Instructions to follow – Leave the pictures out and quote only the lines from the one with "Carroza Infantil Cenicienta y Castillo" down to the end of the listing below.

Provided material –
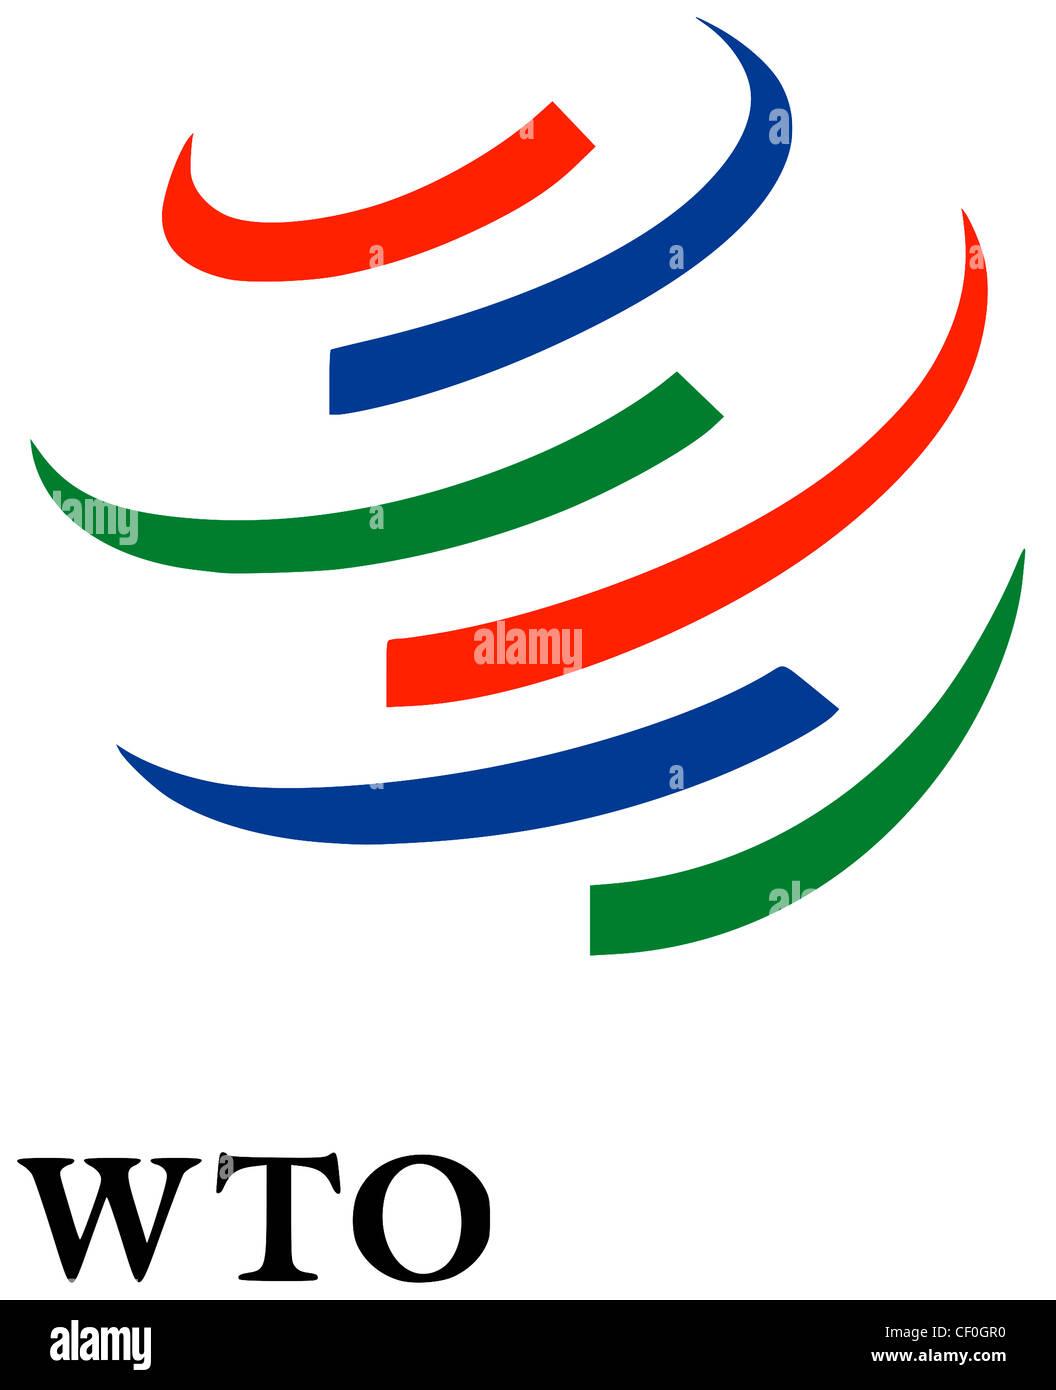 Logo of the World Trade Organization WTO based in Geneva. - Stock Image
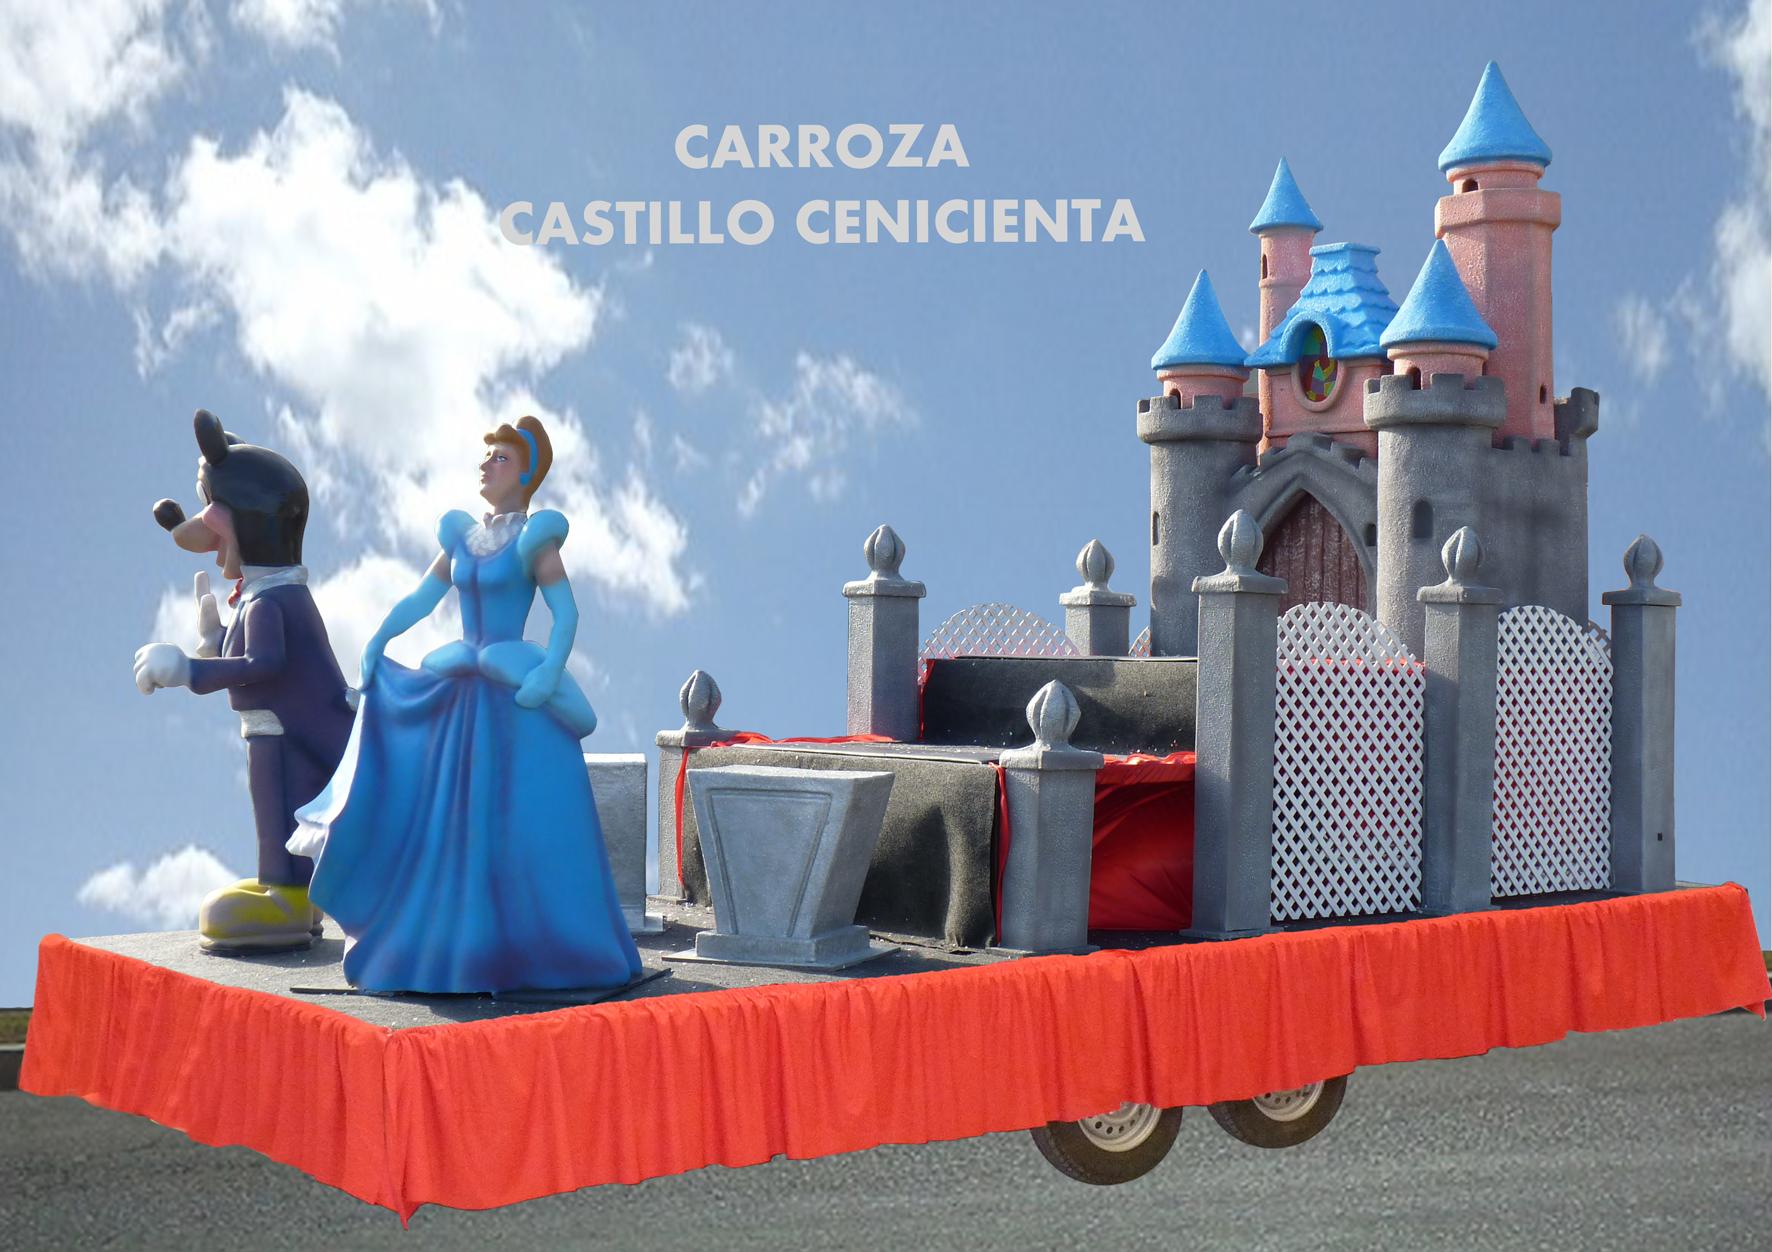 Carroza Infantil Cenicienta y Castillo
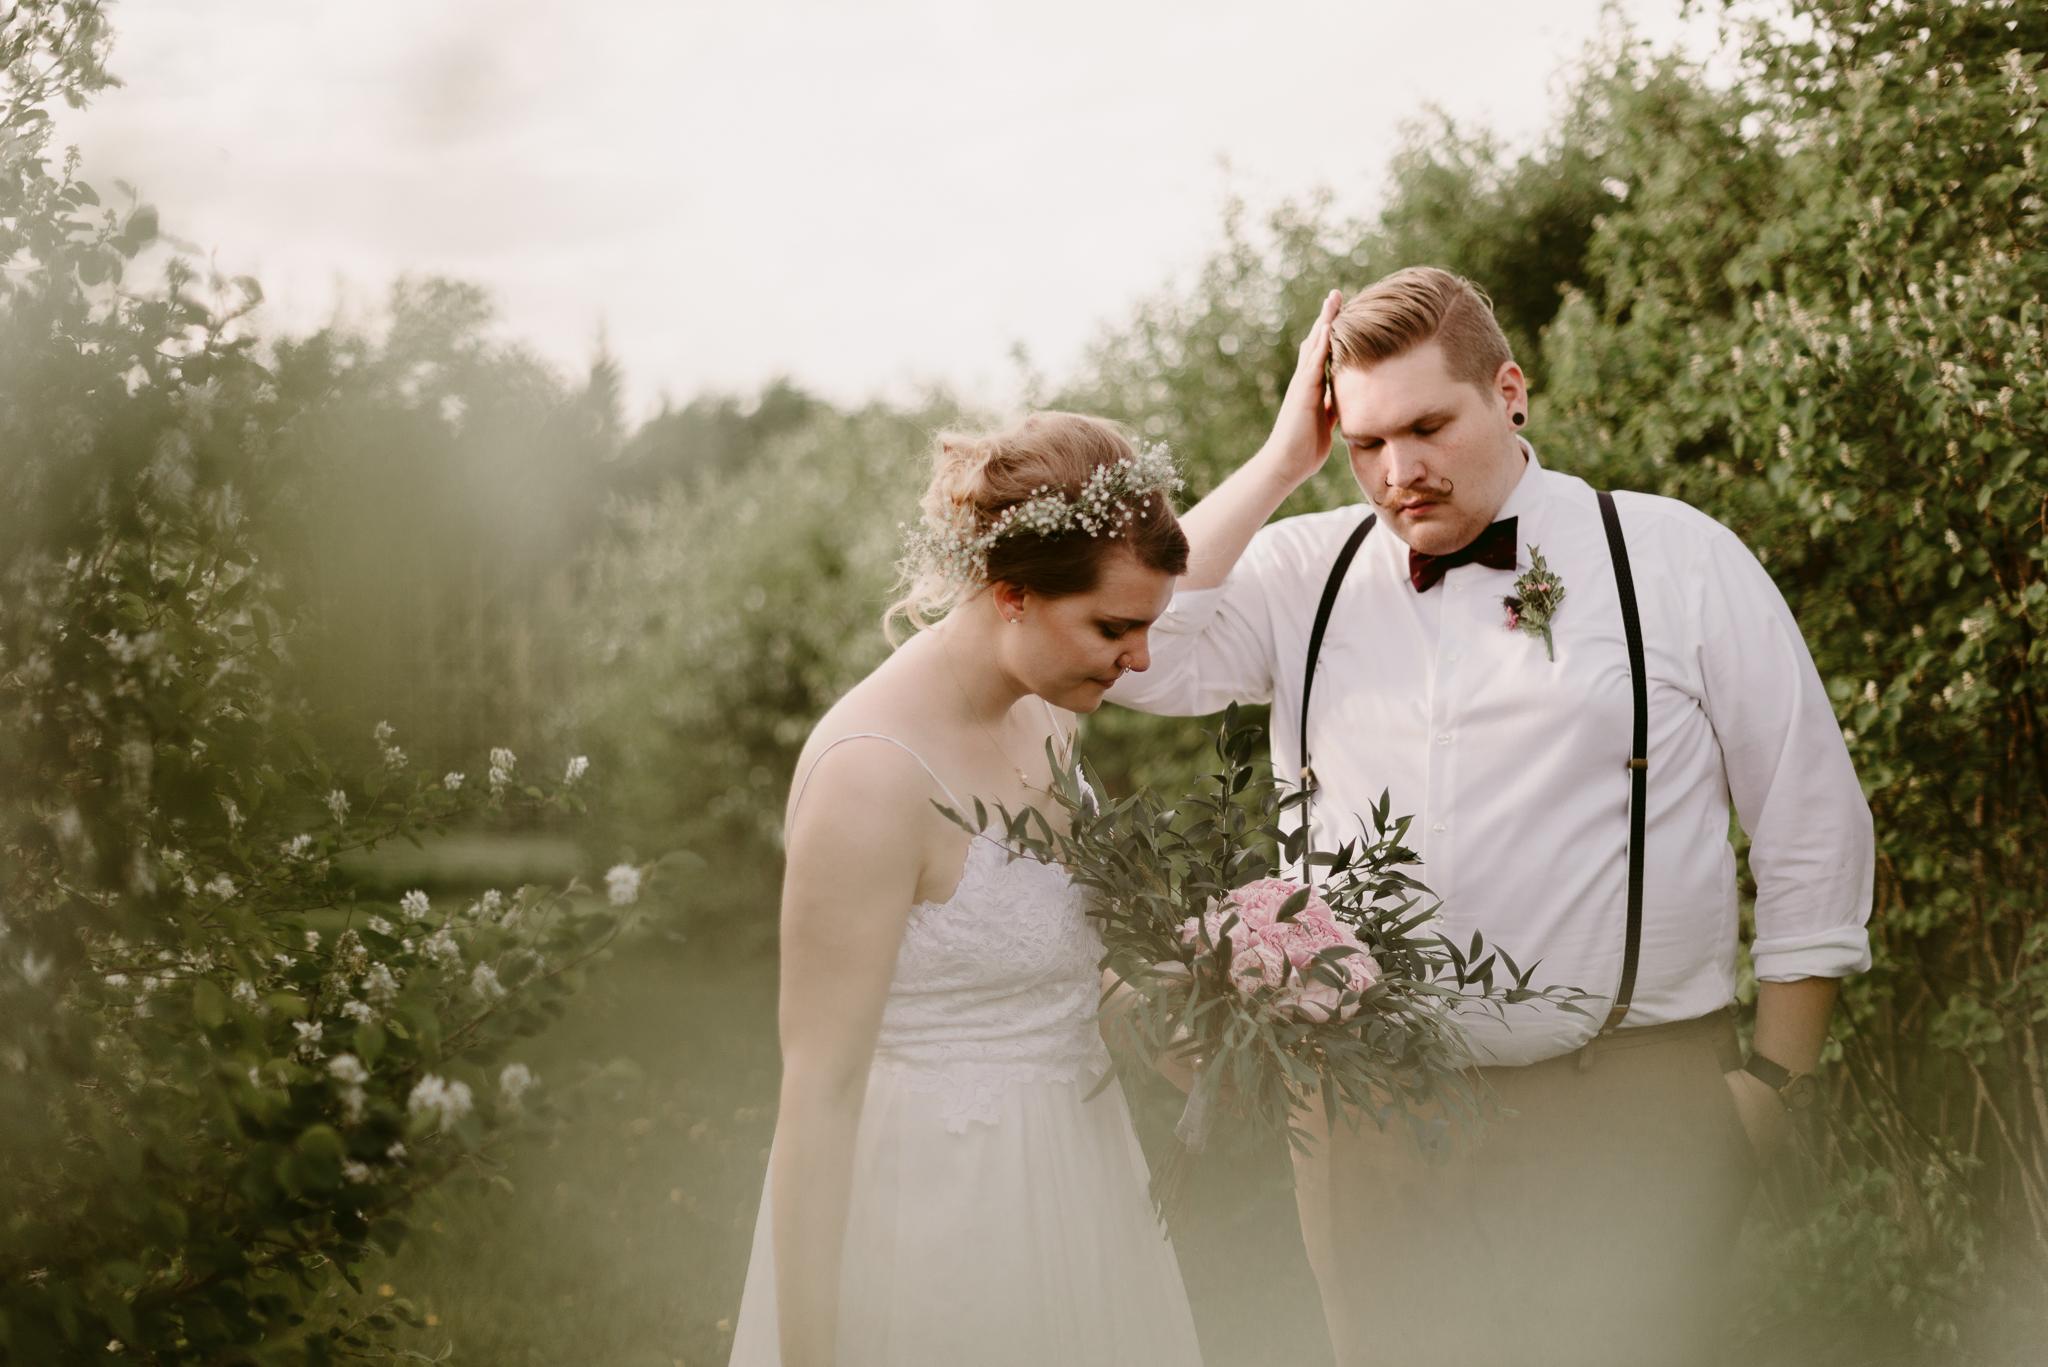 D&P-weddingblog-213.jpg

Task output –
 Carroza Infantil Cenicienta y Castillo
 D&P-weddingblog-213.jpg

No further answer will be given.